Loading the data <br>
Let's use the data snippet from last time to load our data back in. I'll also fix the randomseed so the notebook is determininistic.



In [None]:
import pandas as pd
import numpy as np
 
np.random.seed(8675309)
 
eider.s3.download('s3://eider-datasets/mlu/DATA_Training.csv','/tmp/DATA_Training.csv')
eider.s3.download('s3://eider-datasets/mlu/DATA_Public_Test.csv','/tmp/DATA_Public_Test.csv')
train = pd.read_csv('/tmp/DATA_Training.csv', na_values = 'null')
public_test = pd.read_csv('/tmp/DATA_Public_Test.csv', na_values = 'null')


Question 0<br>
Last week we did some data cleaning and feature engineering. It is a good idea if you start from that point this week, so start by bringing over whatever set of cleaned and engineered features you decided upon for last week. We will build based off of that point. Note: please leave off any feature scaling for the moment, as we will include it in the next question for practice.

In [None]:
### ANSWER 0 ###
 
#####  Start deal with missing values  #####
# Deal with missing values for scores, for each score column, Use pandas fillna to replace missing value with the mean of the column.
score_columns = ['score1','score2','score3','score4','score5']
train.fillna(train[score_columns].mean(), inplace = True)
public_test.fillna(train[score_columns].mean(), inplace = True)
 
# Deal with missing value for CIL and contact_type
cil_columns_values = {'CIL1' : 'Not Specified', 'CIL2' : 'Not Specified', 'CIL3' : 'Not Specified', 'CLI4' : 'Not Specified', 'IL1' : 'Not Specified', 'IL2' : 'Not Specified', 'IL3' : 'Not Specified', 'IL4' : 'Not Specified'}
contact_type_value = {'contact_type' : 0.0}
# FOR CIL1-CIL4, AND IL1-IL4, fill in with 'Not Specified'
train.fillna(cil_columns_values, inplace = True) 
public_test.fillna(cil_columns_values, inplace = True) 
# FOR contact_type, fill in with most common value 0.0
train.fillna(contact_type_value, inplace = True) 
public_test.fillna(contact_type_value, inplace = True) 
 
#####  End of deal with missing values  #####
 
#####  Start categorical OneHot encoding  #####
issue_features = ['CIL1', 'CIL2', 'CIL3', 'CLI4', 'IL1', 'IL2', 'IL3', 'IL4','device']
# Try to collect all possible values of each column
for feature in issue_features:
    unique_elements = pd.concat([train[feature], public_test[feature]]).unique().tolist()
    train[feature] = train[feature].astype('category').cat.set_categories(unique_elements)
    public_test[feature] = public_test[feature].astype('category').cat.set_categories(unique_elements)
public_test = pd.get_dummies(public_test)
train = pd.get_dummies(train)
#####  End categorical OneHot encoding  #####
 
train.head(5)

Question 1 <br>
Let's combine a few techniques together into a single pipeline for tuning later. For this question we will eventually use a DecisionTreeClassifier to produce our output. If you recall our discussion of decision trees they only made decisions based on single variables. However, it is quite reasonable to want to make decisions based on combinations of features. To do so, we can transform our features using a PCA first in an attempt to offer our algorithm decorrelated features to work from.

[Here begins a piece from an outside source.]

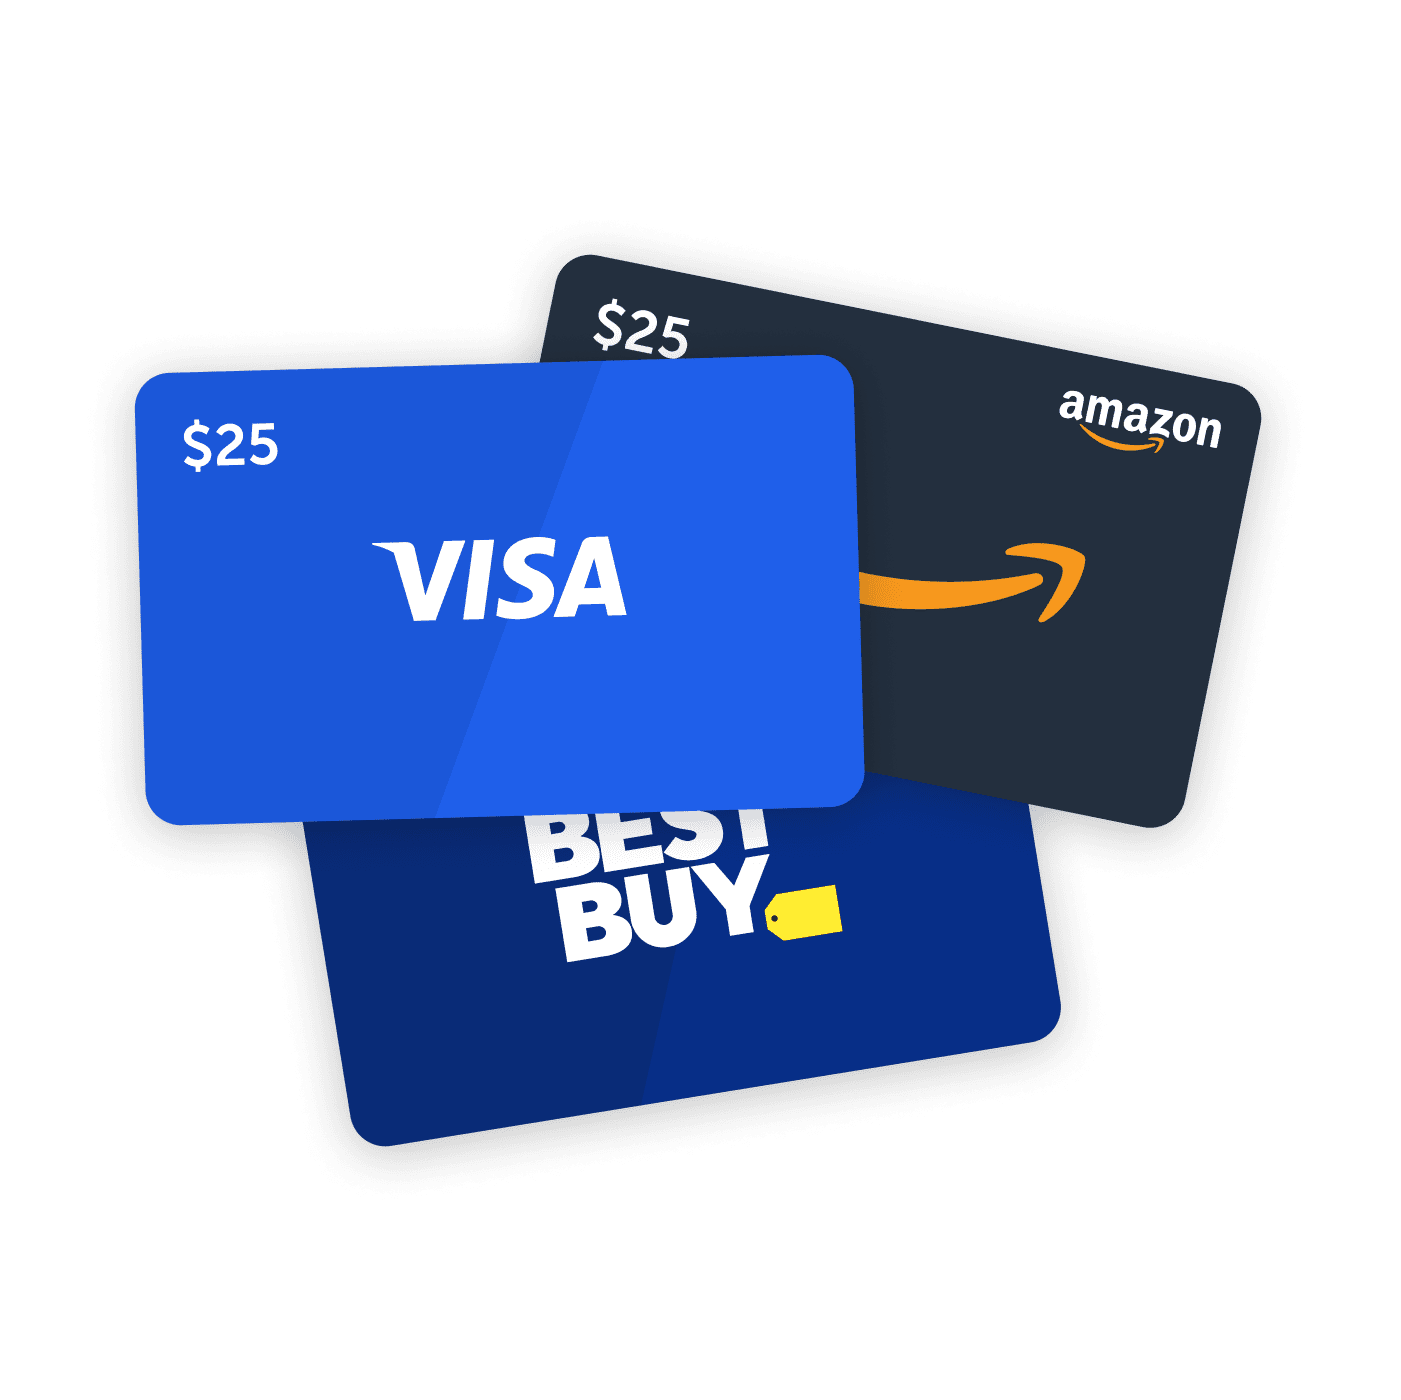 Visa, Amazon, and Best Buy gift cards

To this end, use Pipeline to take in your data, apply the StandardScaler, transform the data using a PCA, and finally feed the result into a DecisionTreeClassifier. We'll get to grid searching later, but for right now, run cross_val_score with this pipeline as the classifier to see how it does.

Note: when experimenting on your own, you might want to transform your features in many different ways. To do so you should examine FeatureUnion as a companion to pipeline that allows for parallel computation, not serial computation. If you want to see an example of it being used, take a look here.

In [None]:
	
### ANSWER 1 ###
# Using Pipeline to help us keep our code organized.
from sklearn.pipeline import Pipeline
from sklearn.decomposition import PCA
from sklearn.pipeline import make_pipeline
from sklearn.preprocessing import StandardScaler
from sklearn.model_selection import cross_val_score
from sklearn.tree import DecisionTreeClassifier
from sklearn.model_selection import train_test_split
import warnings
warnings.filterwarnings('ignore')
 
# Split train datasets.
X_train, X_test, y_train, y_test = train_test_split(train.drop('response',axis=1), 
                                                    train['response'], test_size=0.20, 
                                                    random_state=101)
 
# Build a Pipeline with StandardScaler, PCA and DecisionTreeClassifier
clf = DecisionTreeClassifier(random_state=0)
scaler = StandardScaler(copy=True, with_mean=False, with_std=False)
pca = PCA()
print("-----------------------------------Build a Pipeline with StandardScaler, PCA and DecisionTreeClassifier---------------------------------------------- ")
pipe = Pipeline(steps=[('scaler', scaler), ('pca', pca), ('clf', clf)])
print("Create a Pipeline, apply the StandardScaler, transform the data using a PCA, and finally try DecisionTreeClassifier")
print("Let's run cross_val_score with this pipeline and see the score: ")
print(cross_val_score(pipe, X_train, y_train, cv=5))
print("-----------------------------------End---------------------------------------------- ")
 
# Transform our features in different ways by using FeatureUnion
from sklearn.pipeline import FeatureUnion
from sklearn.decomposition import KernelPCA
transformers = [('linear_pca', PCA()), ('kernel_pca', KernelPCA())]
combined = FeatureUnion(transformers)
pipeline_with_featureUnion = Pipeline([
    # Apply the StandardScaler
    ('scaler', scaler),
    
    # Use FeatureUnion to combine the features from PCA and kenel_pca
    ('union', combined),
 
    # Use DecisionTreeClassifier on the combined features
    ('clf', clf),
])
print("-----------------------------------Experiment: Pipeline with FeatureUnion---------------------------------------------- ")
print("Create a Pipeline with FeatureUnion, apply the StandardScaler, transform the data using a PCA and Kenel_PCA, and finally try DecisionTreeClassifier")
print("Let's run cross_val_score with this pipeline with FeatureUnion and see the score: ")
pipeline_with_featureUnion.set_params(union__linear_pca__n_components=10, union__kernel_pca__n_components=10)
print(cross_val_score(pipeline_with_featureUnion, X_train, y_train, cv=5))
print("-----------------------------------End---------------------------------------------- ")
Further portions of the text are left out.